In [0]:
from pyspark.sql import SparkSession
sc = SparkSession.builder.appName("Spark").getOrCreate()

In [0]:
data = sc.read.csv('/FileStore/tables/wc2018_players.csv', header=True, inferSchema=True)
data.show(1)

+---------+---+----+------------------+----------+----------+--------------+------+------+
|     Team|  #|Pos.| FIFA Popular Name|Birth Date|Shirt Name|          Club|Height|Weight|
+---------+---+----+------------------+----------+----------+--------------+------+------+
|Argentina|  3|  DF|TAGLIAFICO Nicolas|31.08.1992|TAGLIAFICO|AFC Ajax (NED)|   169|    65|
+---------+---+----+------------------+----------+----------+--------------+------+------+
only showing top 1 row



In [0]:
# Create a view with only name and orginal height+1
data.select('FIFA Popular Name', data.Height + 1).show(1)
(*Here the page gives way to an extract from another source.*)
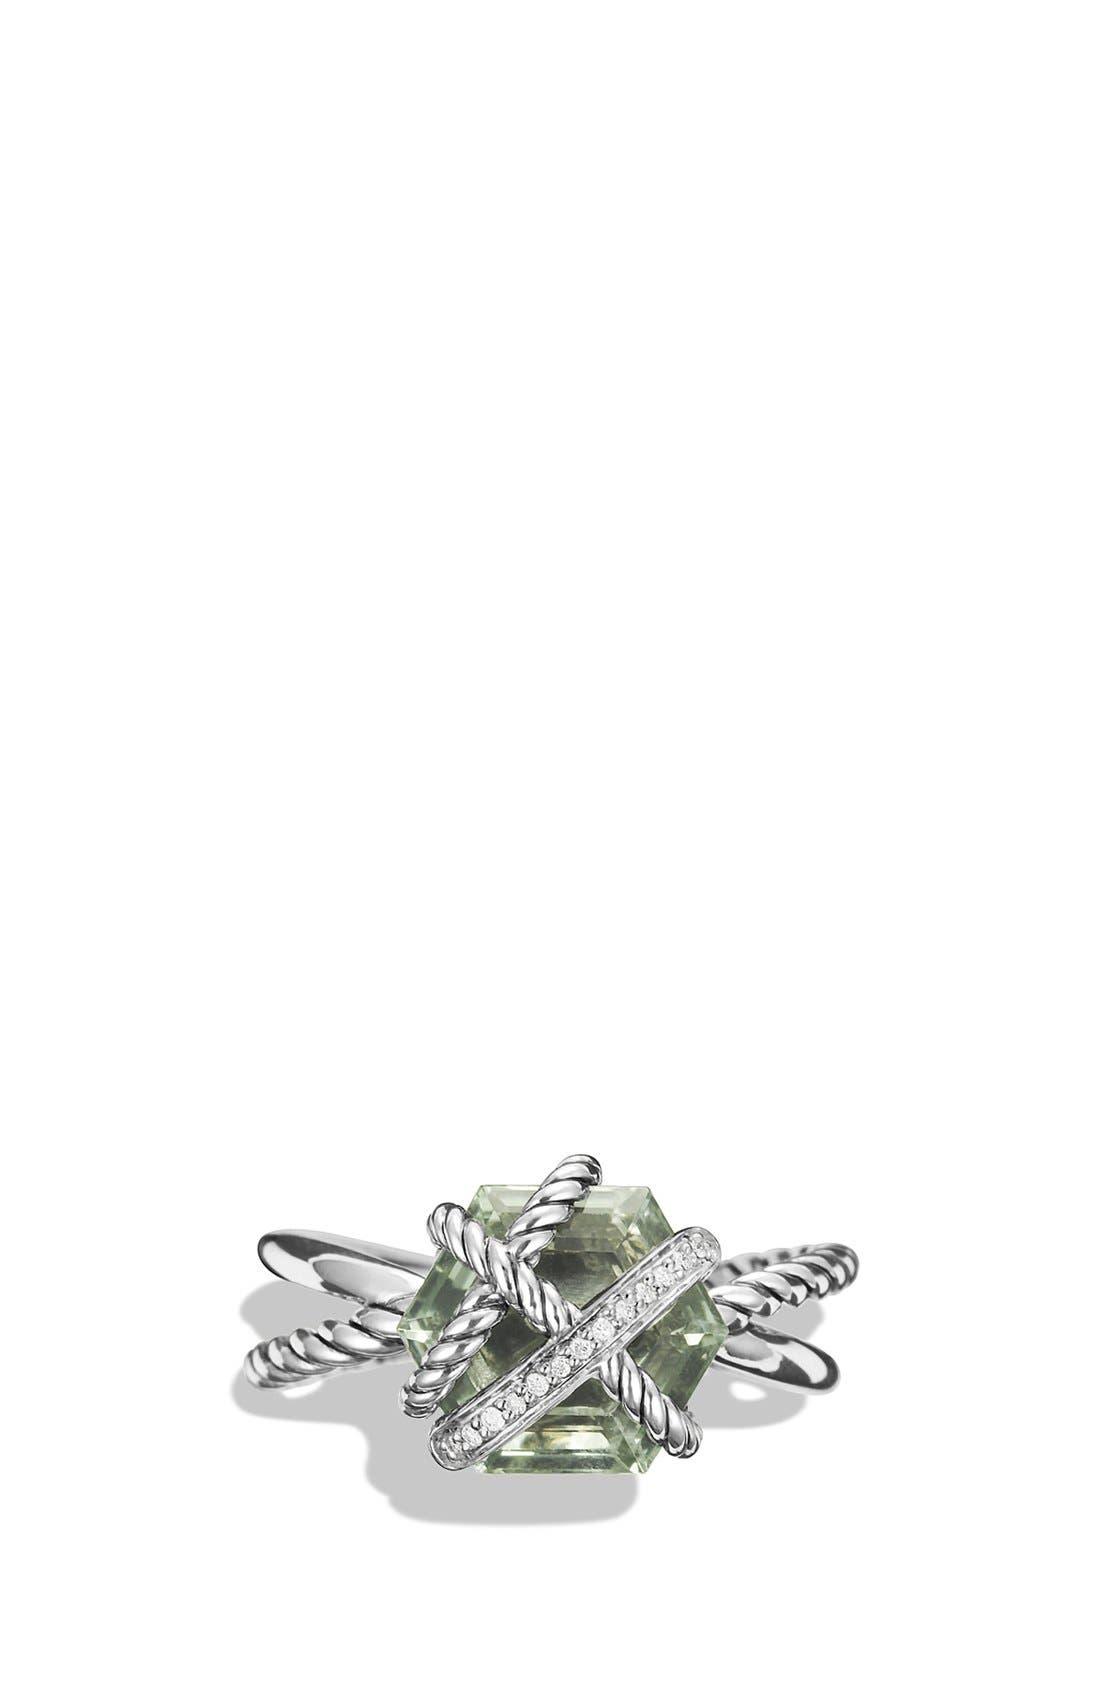 Alternate Image 2  - David YurmanCable Wrap Ring with Semiprecious Stone andDiamonds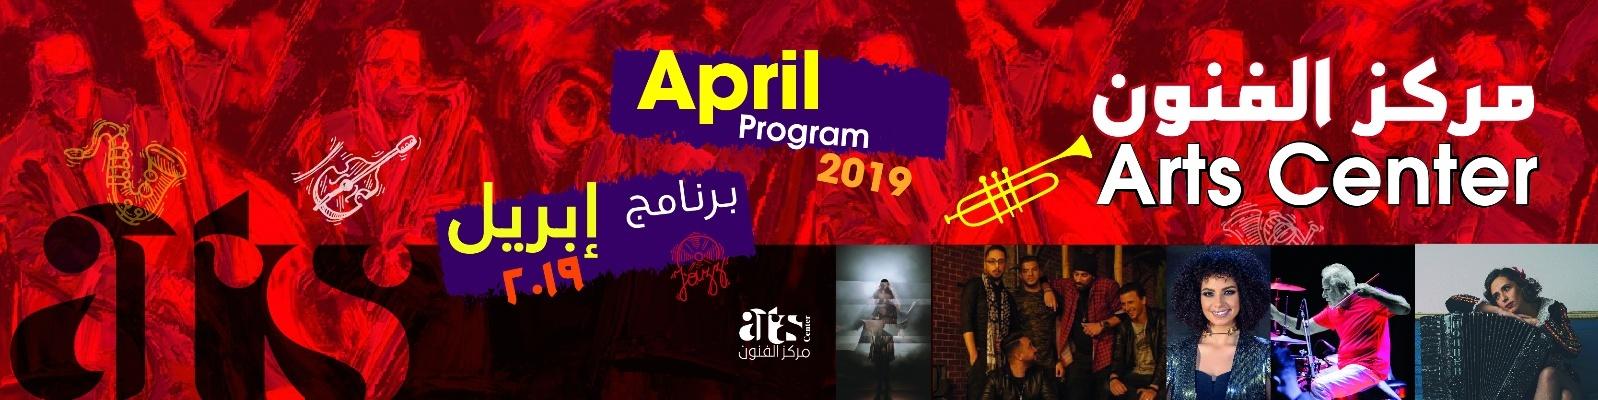 Arts Center's April Program

+------------------+------------+
| FIFA Popular Name|(Height + 1)|
+------------------+------------+
|TAGLIAFICO Nicolas|         170|
+------------------+------------+
only showing top 1 row



In [0]:
# Show only player's name whose height > 170
data.select('Shirt Name', data['Height']>170).show(5)

+----------+--------------+
|Shirt Name|(Height > 170)|
+----------+--------------+
|TAGLIAFICO|         false|
|     PAVÓN|         false|
|   LANZINI|         false|
|    SALVIO|         false|
|     MESSI|         false|
+----------+--------------+
only showing top 5 rows



In [0]:
# Show FIFA Popular Name and 0/1 depending on Height > 170
data.select( 'FIFA Popular Name' ,(data['Height'] > 170).cast('integer').alias('Height') ).show(10)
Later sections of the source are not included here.